Tuesday, July 15, 2014

Cinéma Inhabituel for July 16-31

A Guide to the Rare and Unusual on TCM

By Ed Garea

STAR OF THE MONTH -- MAUREEN O’HARA

July 22: At 8:00 pm, the night begins with The Immortal Sergeant, a rather preposterous film from 20th Century Fox in 1943. Henry Fonda is a timid Canadian corporal serving with the British in Libya. He’s taught courage and leadership by his patrol sergeant, Thomas Mitchell. When Mitchell is killed in battle, Fonda takes over and completes the unit’s mission. O’Hara appears as Fonda’s love in flashbacks. Fonda hated the picture; he had enlisted in the Navy when word got back to Darryl Zanuck, who pulled strings to bring Fonda from boot camp in San Diego to the Fox studios, where this classic was awaiting his presence.
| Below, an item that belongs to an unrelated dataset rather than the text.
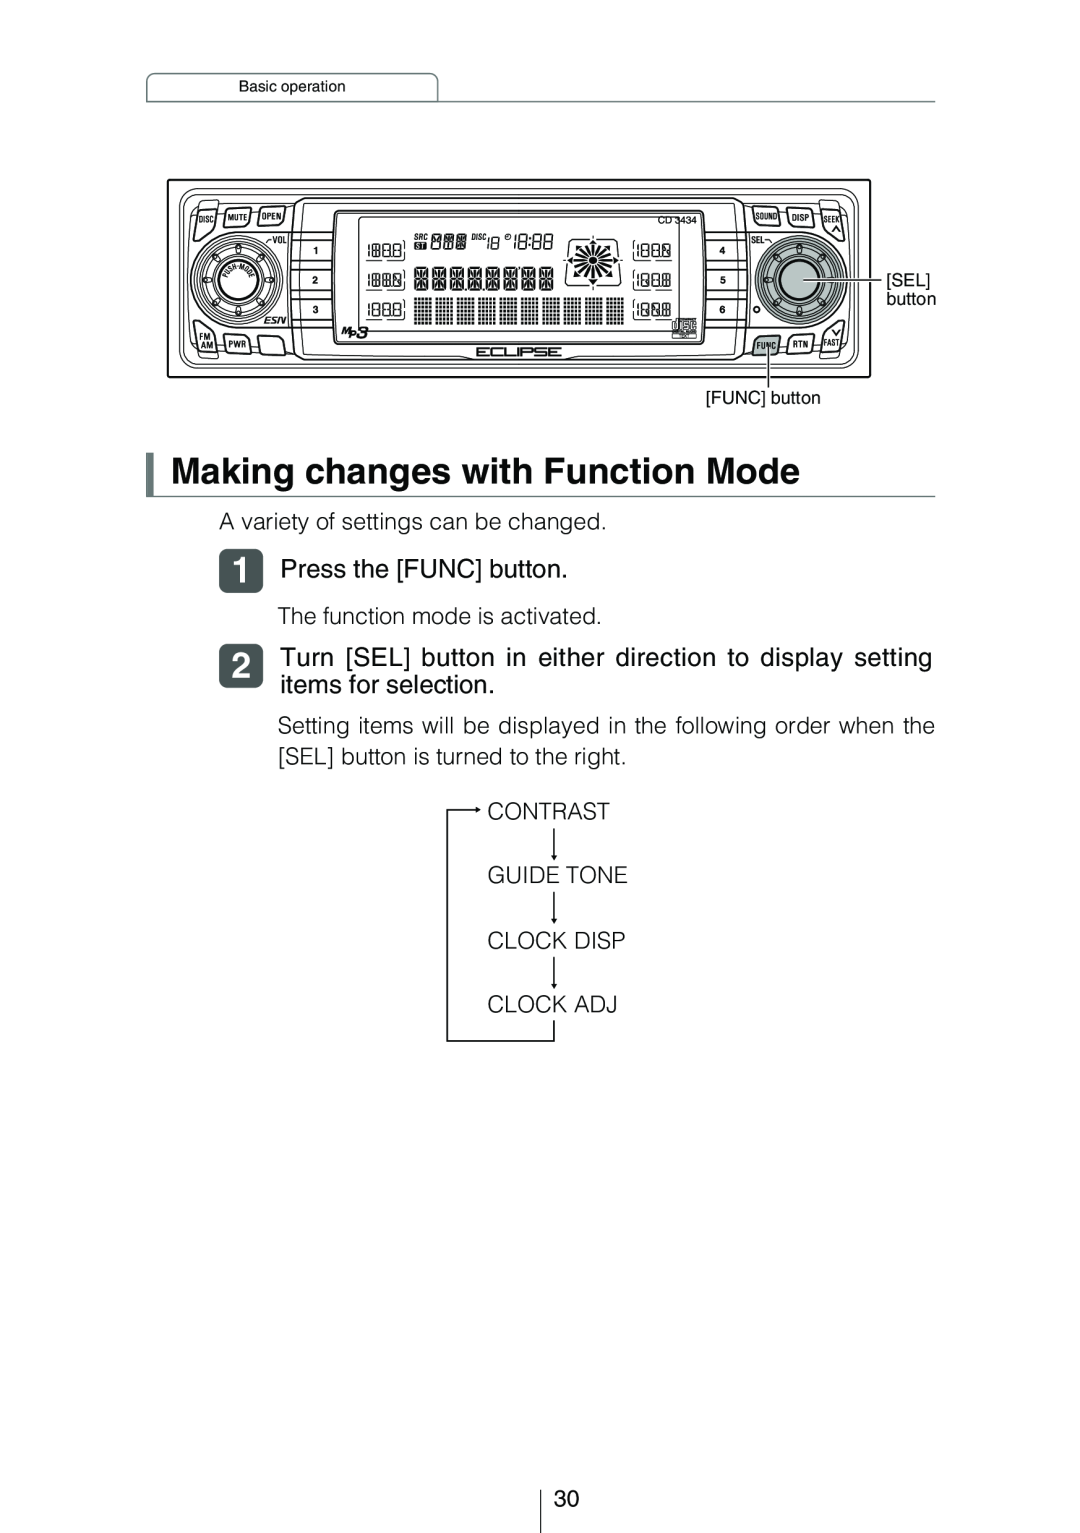 Eclipse - Fujitsu Ten CD3434 owner manual Making changes with Function Mode, Press the FUNC button, items for selection 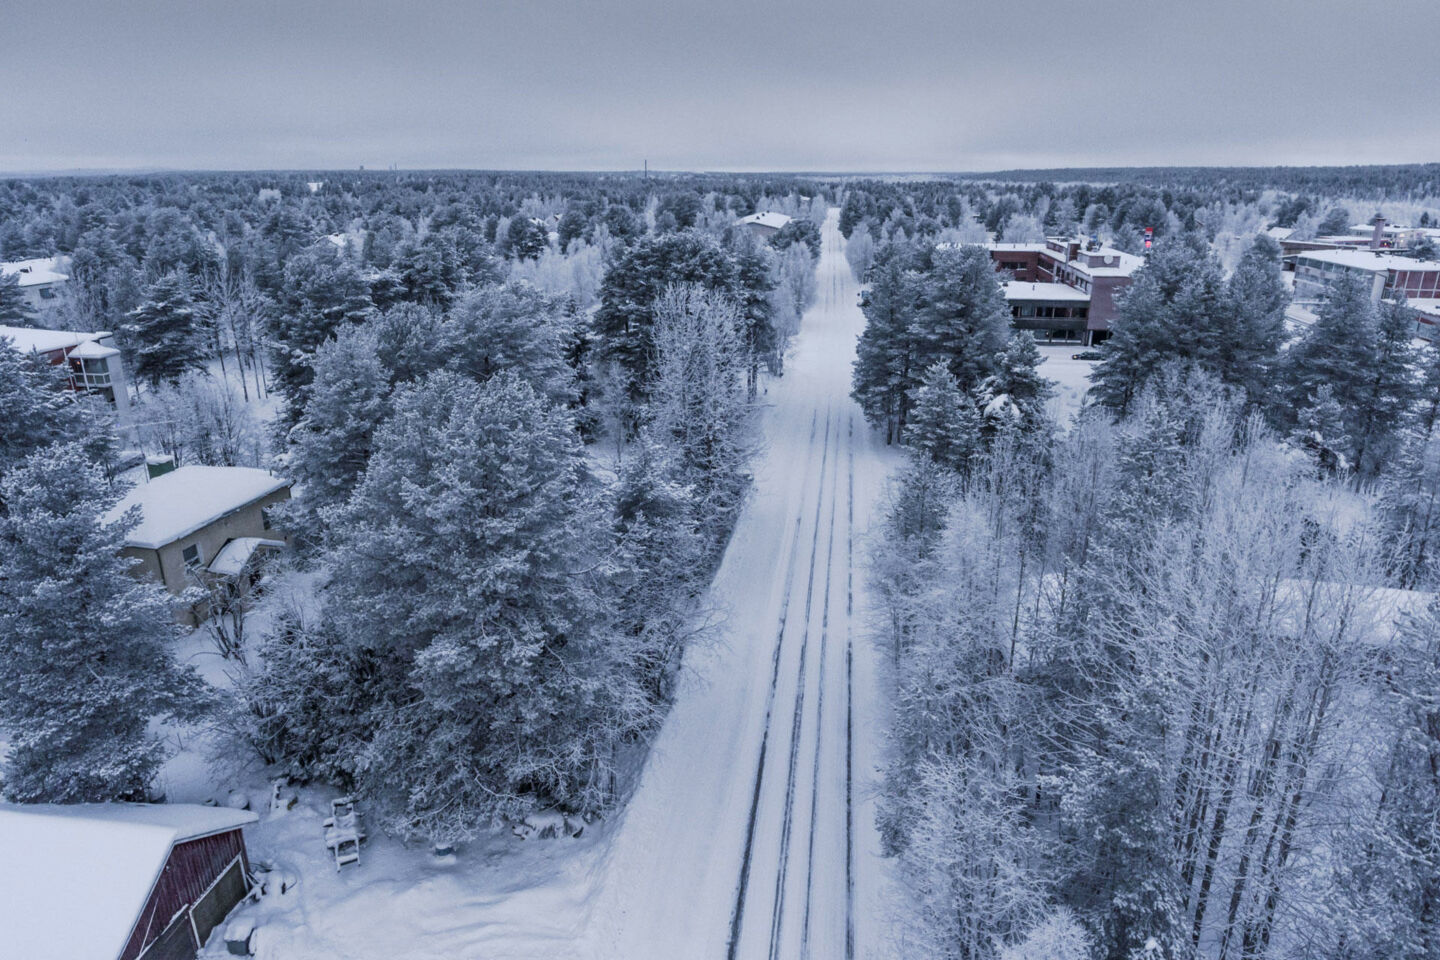 Snow-covered retro town of Sodankylä, a filming location in Finnish Lapland

At 9:45 pm, another forgettable film airs: Buffalo Bill, starring Joel McCrea in the title role and O’Hara as his wife. Just as Fonda despised The Immortal Sergeant, O’Hara hated Buffalo Bill. And she wasn’t alone - its director, William Wellman, and writer, Gene Fowler, also hated it with a passion. Fowler believed William Frederick “Buffalo Bill” Cody to be the biggest fraud that ever lived, and he and Wellman set about to write a screenplay that exposed him as a fraud. But one evening, as Wellman recalled, Fowler phoned to tell the director that they can’t simply cut down a man that was a hero to so many children. So, when the fact becomes legend, print the legend, as John Ford would point out years later in The Man Who Shot Liberty Valance. Both Fowler and Wellman held their stomachs in check and completed this laudatory biopic of a man who was certainly one of the biggest legends of the Old West. Wellman had no choice but to make the film; it was part of his deal with Darryl Zanuck. In return for allowing Wellman to make The Ox Bow Incident, a film for which Zanuck had no use, Wellman was to direct Buffalo Bill. Years afterward, Wellman would knock the film to anyone that asked. In the episode of The Men Who Made the Movies devoted to him, Wellman, spoke about how the scene at the end that has a crippled boy stands up and says “God bless you, Buffalo Bill,” had made him want to vomit. He would also mention how the film was a complete waste of one of the most talented casts he ever assembled: McCrea, O’Hara, Thomas Mitchell, and Linda Darnell. Speaking of Darnell, she plays a young Indian woman who teaches in a frontier school. Watch for her lines about racism, pretty bold for the day. The film was a box office bonanza; The Ox Bow Incident, on the other hand, was quietly released and allowed to whither and die. Today, it’s considered a classic while Buffalo Bill is largely forgotten.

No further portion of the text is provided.